Lo specchio: il capolavoro di Tarkovskij su memoria, passato, e identità

lo specchio locandina del film

Lo Specchio

Titolo originale: Zerkalo

Anno1975

Paese di produzione: Russia (URSS)

ProduzioneMosfilm

DistribuzioneItalnoleggio CinematograficoGeneral Video (ITA)

Durata: 1 hr 47 min

RegiaAndreij Tarkovskij

SceneggiaturaAleksandr Misharin, Arseniy Tarkovskiy, Andreij Tarkovskij,

Montaggio: Lyudmila Feyginova

DopGeorgi Rerberg

MusicheEduard Artemev

Attori: Margarita TerekhovaOleg YankovskiyFilipp YankovskiyIgnat DaniltsevNikolay GrinkoAlla DemidovaAnatoliy Solonitsyn

Trailer russo de Lo Specchio

Trama de Lo Specchio

Lo specchio è la non-storia (o meglio, la narrazione da un punto di vista strettamente personale) della vita di Aleksei, uomo di quarant’anni sul letto di morte.
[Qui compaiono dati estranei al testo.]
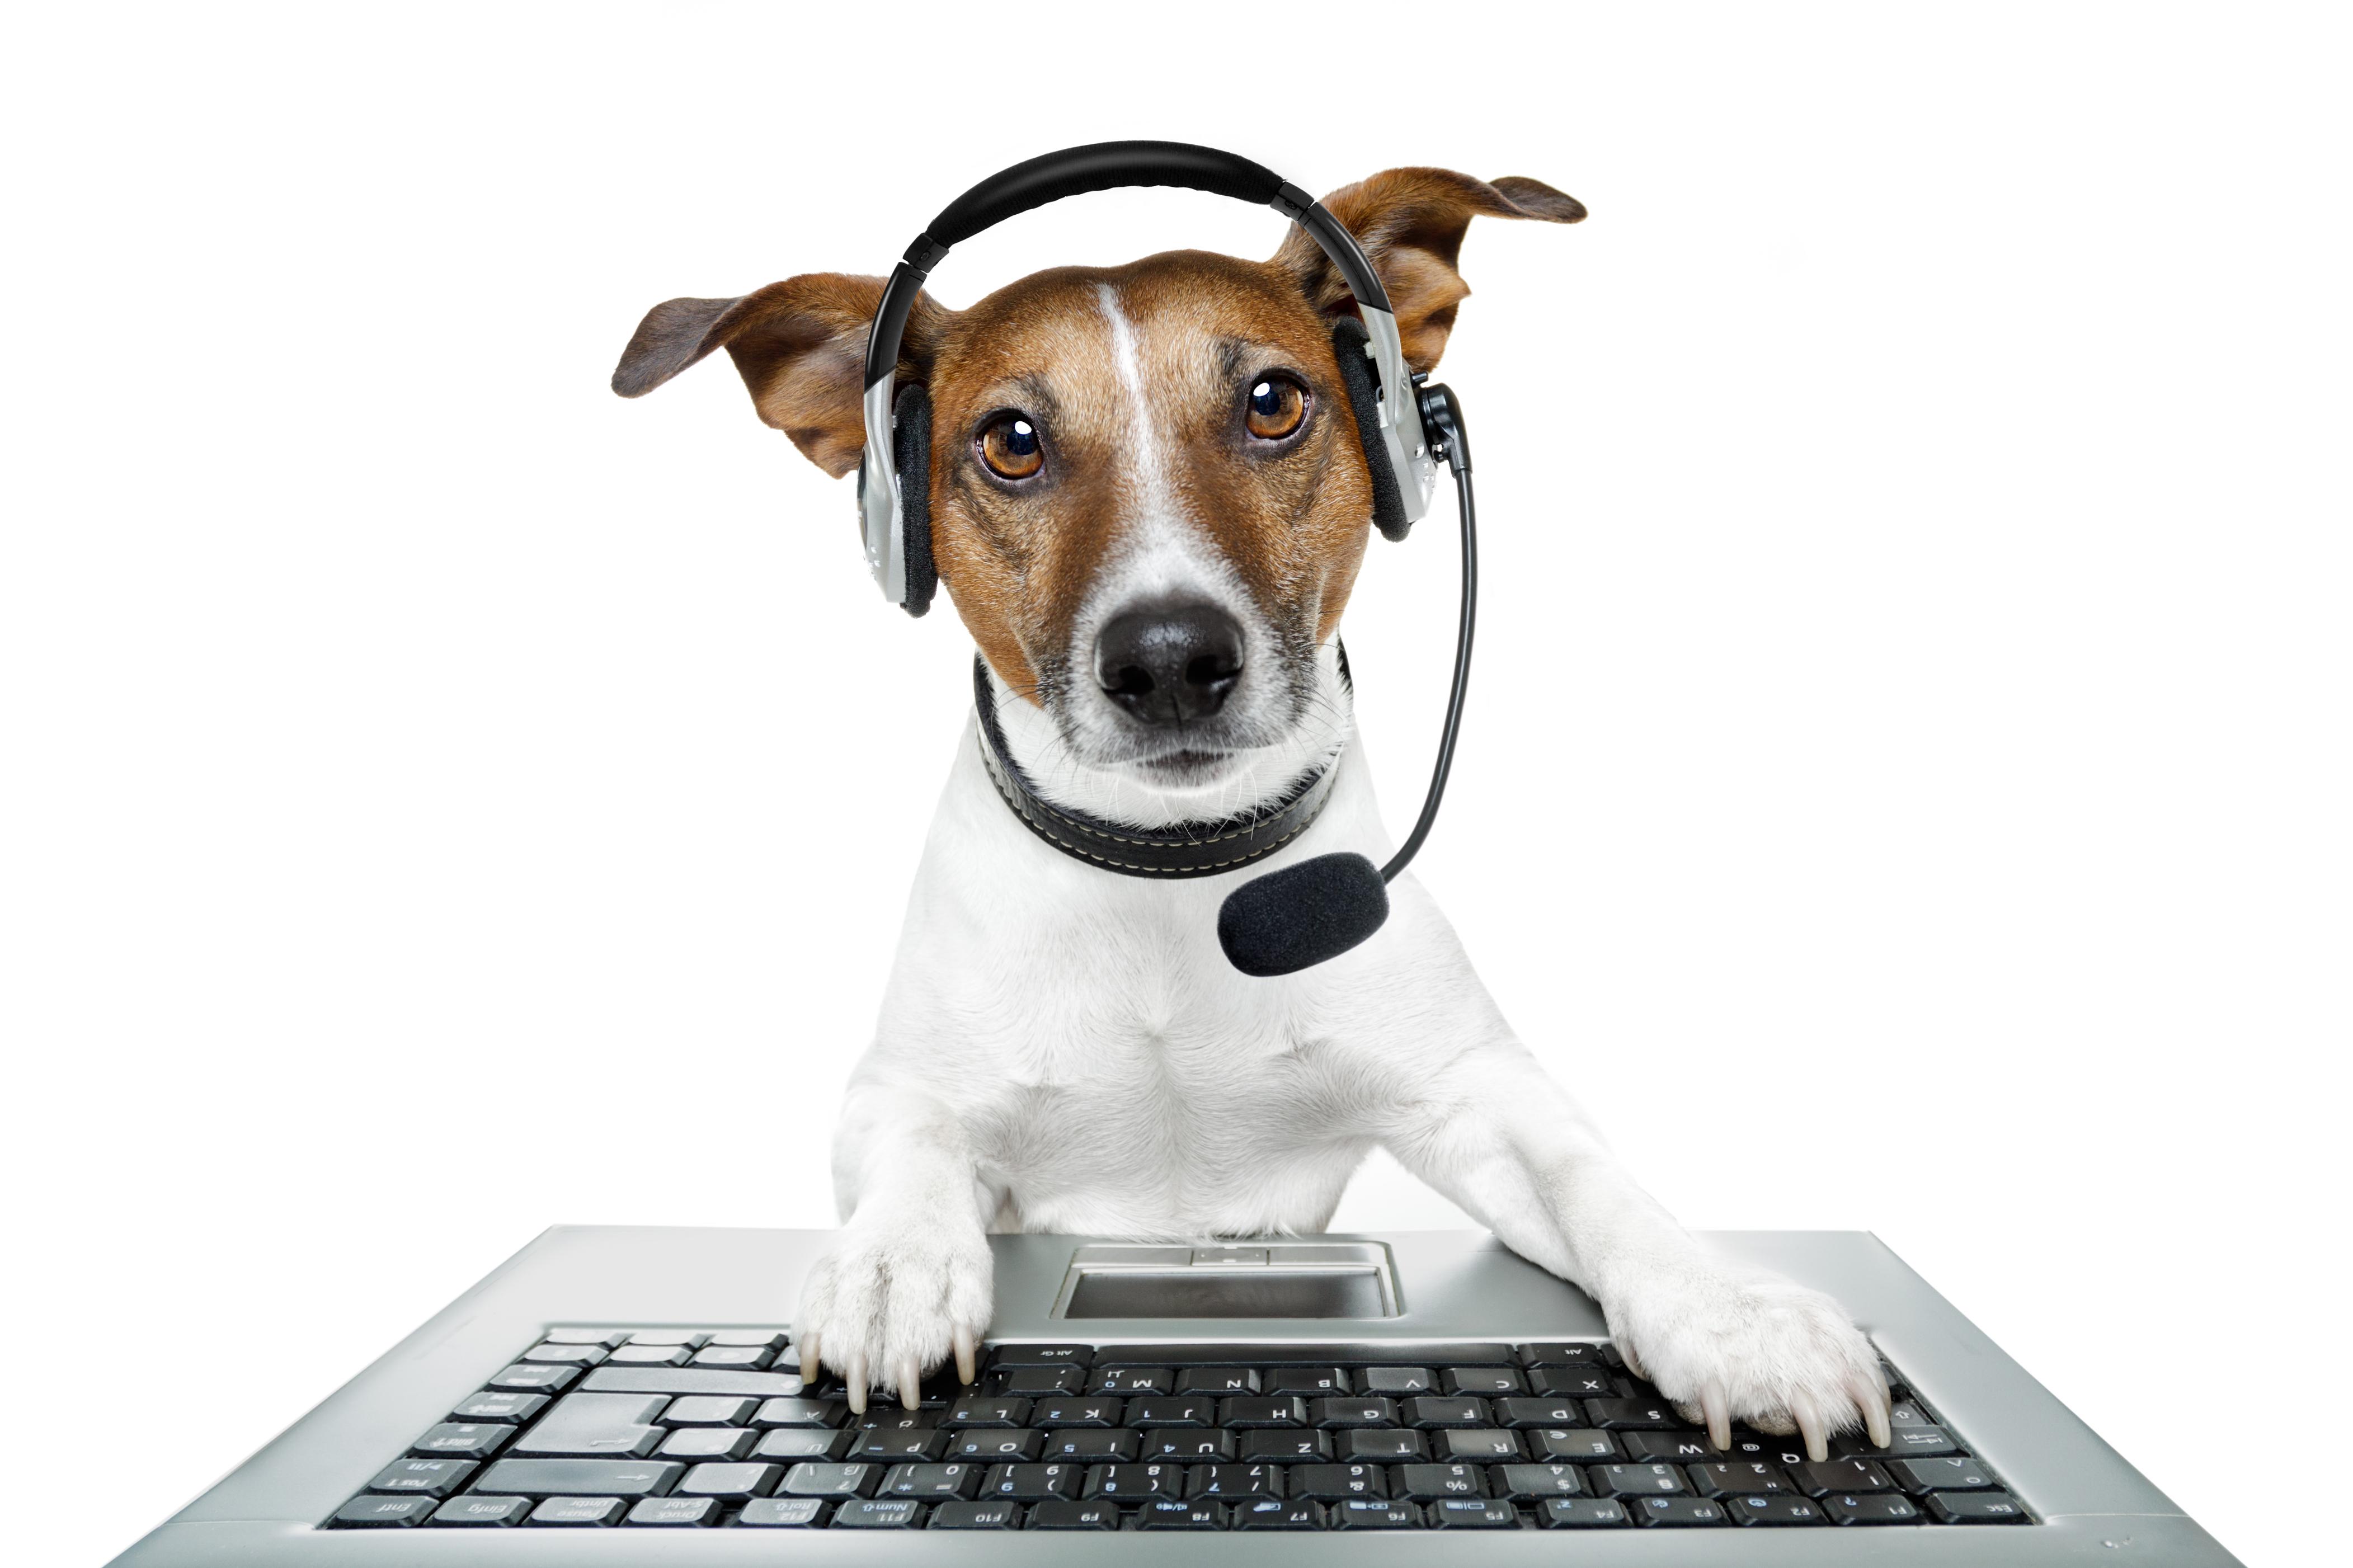 Ricetta elettronica veterinaria: invito al rispetto della normativa

Avvolto tra le coperte del letto dov’è costretto, la mente di Aleksei procede a slalom tra i momenti del suo passato, tirando un filo conduttore tra le fasi più significative della sua permanenza sulla terra. Guerra, conflitti famigliari, e filmati d’archivio si mescolano per creare il ritratto cubista di un essere umano, e ne enfatizzano la presenza nel tempo ancor prima che nello spazio. E chi questo ritratto dipinge è il voice-over di Aleksei stesso (Innokentiy Smoktunovskiy), unica presenza infallibile tra i flutti dei rivolgimenti identitari che compongono il Tetris del film.

Recensione de Lo Specchio

Se siete di quelli che, ogni volta che i vostri amici vi propongono di passare il weekend chiusi in casa, sommersi di popcorn stantii, a visionare oscuri film russi, storcono il naso immaginando interminabili ore di noia nella forma d’inquadrature mortalmente immobili e bradicardici ritmi narrativi, be’, fareste meglio a ricredervi. Perché i film russi sono avventurosi, emozionanti, e coinvolgenti. Specie se a firma di registi osannati da individui occhialuti nei cineforum del venerdì sera. E Lo specchio (Zerkalo, 1975), di Andrej Tarkovskij, ne è la prova.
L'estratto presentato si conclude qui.